Could you please point me to a paragraph in the Income Tax act ... I didn't even know this existed  :Stick Out Tongue:

----------


## Dave A

> Could you please point me to a paragraph in the Income Tax act


A quick "lecture" on Acts, regulations and notices...

Acts can only be made and amended by parliament, a major song and dance. 

Regulations can be promulgated by the Minister empowered to make regulations in terms of the relevant Act, and need only be signed by the Minister and published in the Government Gazette to become law.

Notices can be made and published in the Government Gazette by pretty much anyone empowered and/or required to do so in terms of the relevant Act and/or regulation.

Accordingly, Acts tend to deal with the "big picture" as they are not easily amended, and will normally empower an authority to make regulations and/or make notices (deal with the detail) appropriate to the execution of the purpose of the Act.

Rather than us having to read the Government Gazette and keep track of all the legislative action, SARS publishes guides which takes into account all this action and pretty much tell us how to keep our end. These guides are normally updated annually and this page from SARS seems to be the latest collection on PAYE.

----------


## Dave A

> In my opinion i would say you fall under standard employment rules and normal tax tables should be used and no tax should be deducted.


...provided that this criterium is met, I'd think



> the employee (including scholars and students) is required to work for less than 22 hours a week and the employee furnishes a written declaration that he / she will not render services to any other employer, for the period that such employment is held, such employment is regarded as standard employment.

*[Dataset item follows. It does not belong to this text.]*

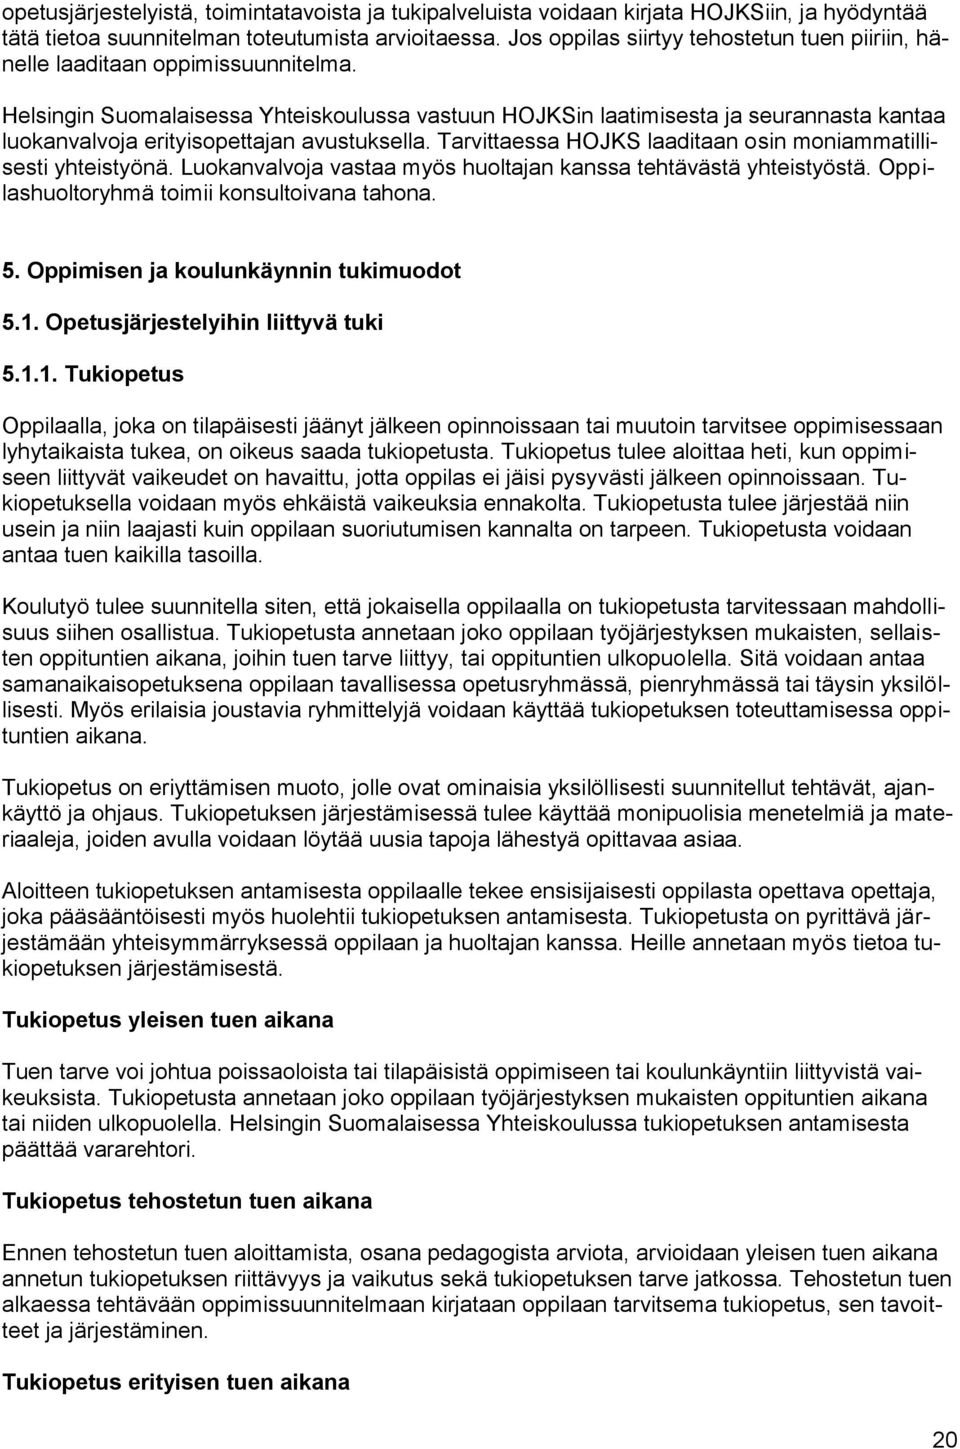 Helsingin Suomalaisessa Yhteiskoulussa vastuun HOJKSin laatimisesta ja seurannasta kantaa luokanvalvoja erityisopettajan avustuksella. Tarvittaessa HOJKS laaditaan osin moniammatillisesti yhteistyönä.

*Without* the declaration and based on an income of R640.00 per day, the employer would have to deduct the non-standard employment deduction.

----------


## Dave U

Hi zoedubruyn

Dave A hit the nail on the head when he mentioned the written declaration.  All you need to do is supply your employer with a written declaration that you do not and will not render services to another employer during the period you are employed.  They will then be forced to deduct tax using the tax tables, which in your case will result in no tax being deducted.  You can also point them to section 11B (1) of the fourth schedule of the income tax act, point (b) under the definition of standard employment.

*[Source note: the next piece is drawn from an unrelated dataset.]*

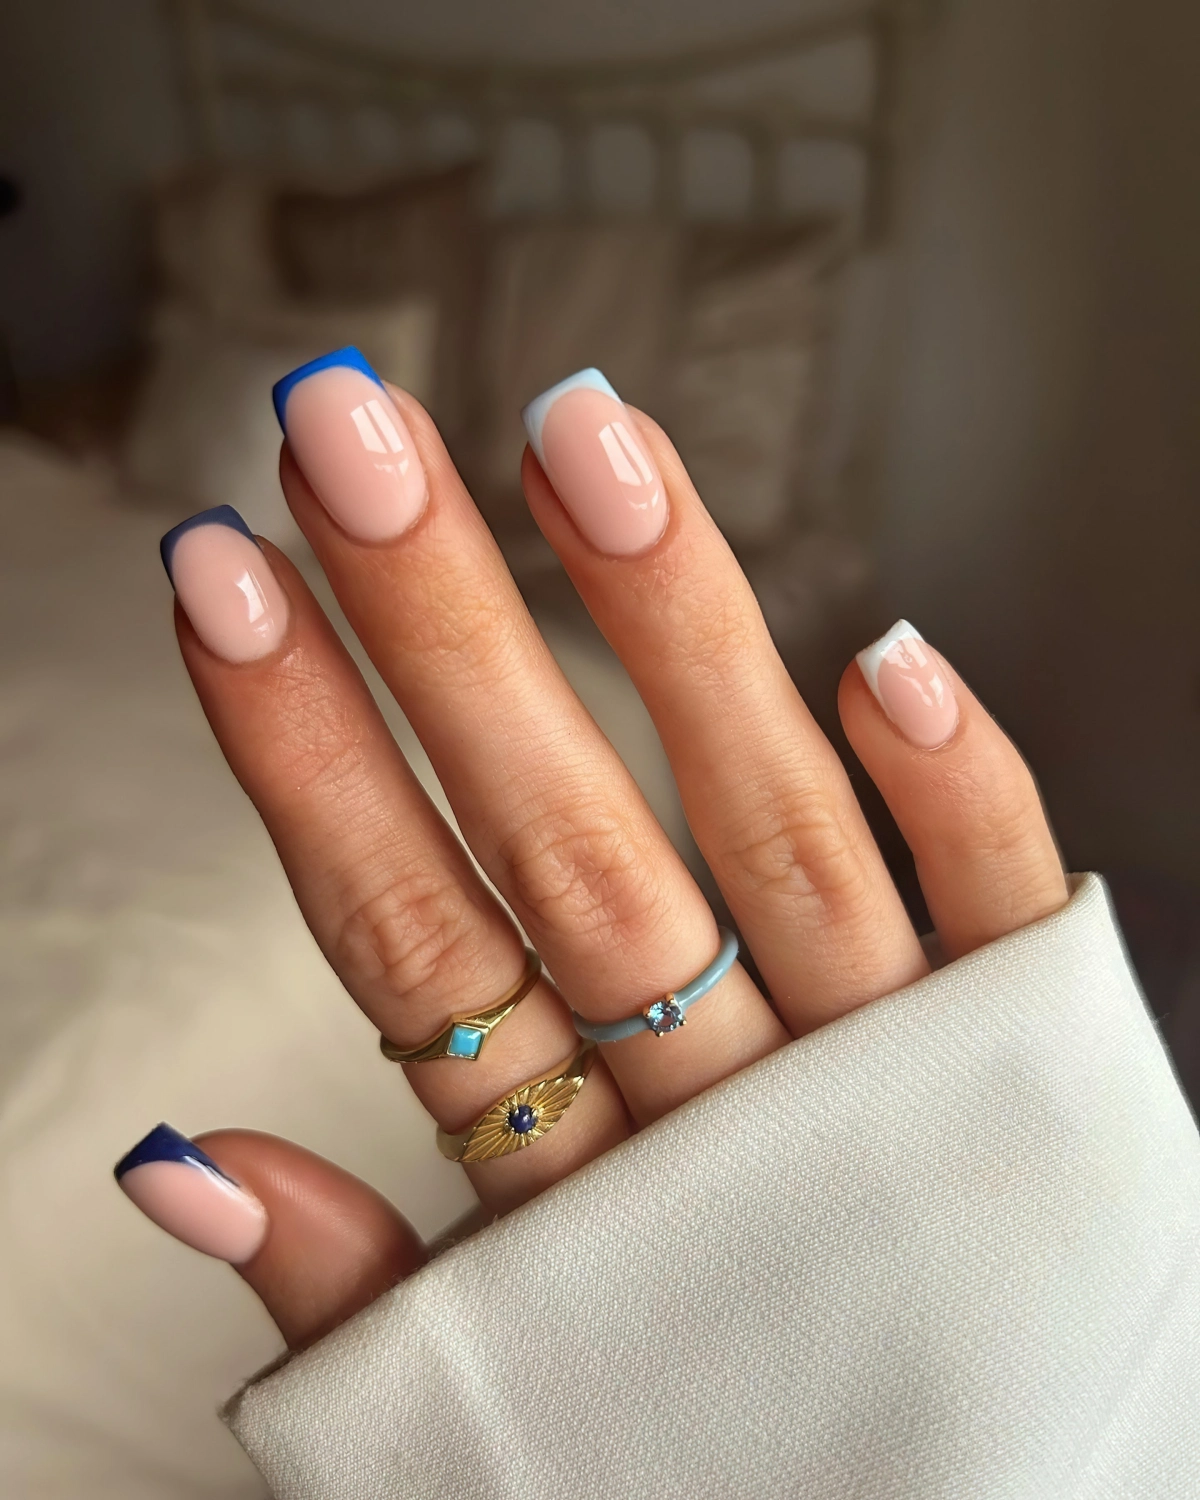 fedfrench ongles en couleurs pointes bleu vernis bijoux forme carre

You should file a tax return at the end of the tax year to get the 25% already deducted back from SARS.

----------


## geraldenek

> Could you please point me to a paragraph in the Income Tax act ... I didn't even know this existed


you can just have a look on the sars website for studens/scholars.  it is prescribed in the guide for employers in respect of employee's tax

----------

eitai2001 (13-Apr-10)

----------


## eitai2001

> you can just have a look on the sars website for studens/scholars.  it is prescribed in the guide for employers in respect of employee's tax


Ok cool, thanks

----------